The issue with your application is that the actix-web runtime (i.e. Tokio) is multi-threaded. This is a problem because the fork() call (used internaly by daemon()) only replicates the thread that called fork().
Even if your parent process has N threads, your child process will have only 1. If your parent process has any mutexes locked by those threads, their state will be replicated in the child process, but as those threads do not exist there, they will remain locked for forever.
If you have an Rc/Arc it will never de-allocate its memory, because it will never be dropped, thus its internal count will never reach zero. The same applies for any pointers and shared state.
Or said more simply - your forked child will end up in undefined state.
This is best explained in Calling fork() in a Multithreaded Environment:
The fork( ) system call creates an exact duplicate of the address
space from which it is called, resulting in two address spaces
executing the same code. Problems can occur if the forking address
space has multiple threads executing at the time of the fork( ). When
multithreading is a result of library invocation, threads are not
necessarily aware of each other's presence, purpose, actions, and so
on. Suppose that one of the other threads (any thread other than the
one doing the fork( )) has the job of deducting money from your
checking account. Clearly, you do not want this to happen twice as a
result of some other thread's decision to call fork( ).

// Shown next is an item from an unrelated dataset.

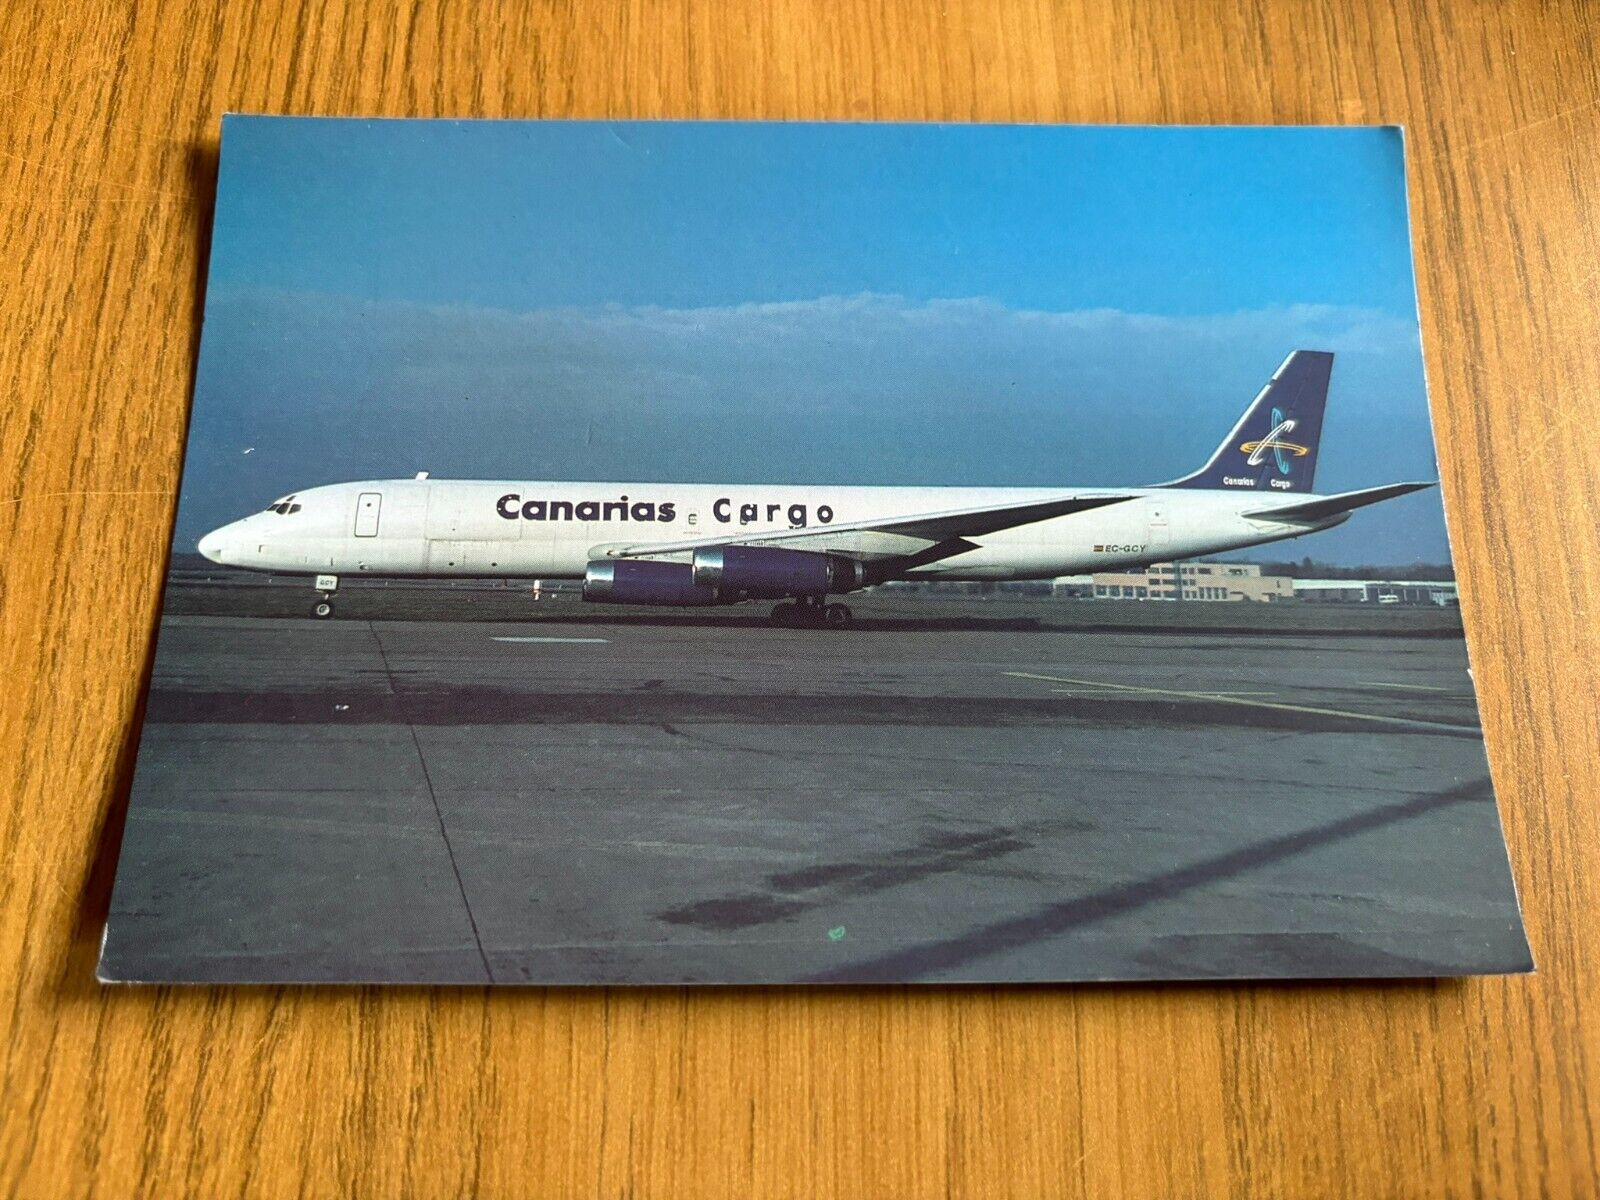 Canarias Cargo Douglas DC-8 aircraft postcard

Because of these types of problems, which in general are problems of
threads modifying persistent state, POSIX defined the behavior of
fork( ) in the presence of threads to propagate only the forking
thread. This solves the problem of improper changes being made to
persistent state. However, it causes other problems, as discussed in
the next paragraph.
In the POSIX model, only the forking thread is propagated. All the
other threads are eliminated without any form of notice; no cancels
are sent and no handlers are run. However, all the other portions of
the address space are cloned, including all the mutex state. If the
other thread has a mutex locked, the mutex will be locked in the child
process, but the lock owner will not exist to unlock it. Therefore,
the resource protected by the lock will be permanently unavailable.

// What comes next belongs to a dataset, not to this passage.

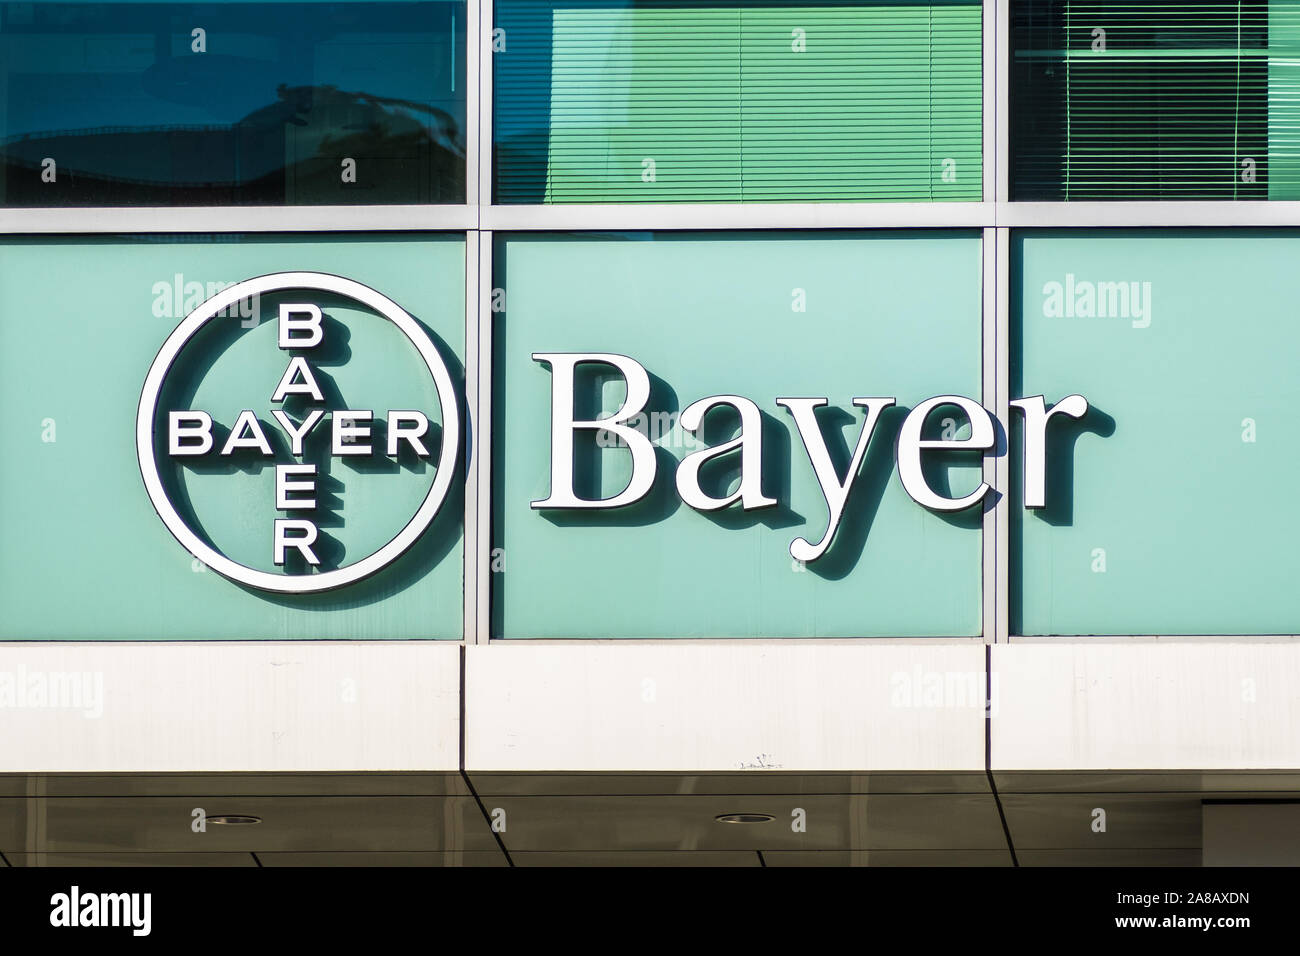 Novembre 2, 2019 San Francisco / CA / STATI UNITI D'AMERICA - Bayer uffici situati in Mission Bay Distretto; Bayer AG è una multinazionale tedesca e farmaceutici life scien Foto Stock

Here you can find a more reputable source with more details
To answer your other question:
"how can I launch a daemon inside my message handler?"
I assume you want to implement the classical unix "fork() on accept()" model.
In that case you are out of luck, because servers such as actix-web, and async/await
in general are not designed with that in mind. Even if you have a
single-threaded async/await server, then:
When a child is forked it inherits all file descriptors from the parent. So it's
common after a fork, the child to close its listening socket in order to avoid a
resource leak - but there is no way to do that on any of the async/await based servers,
not because it's impossible to do, but because it's not implemented.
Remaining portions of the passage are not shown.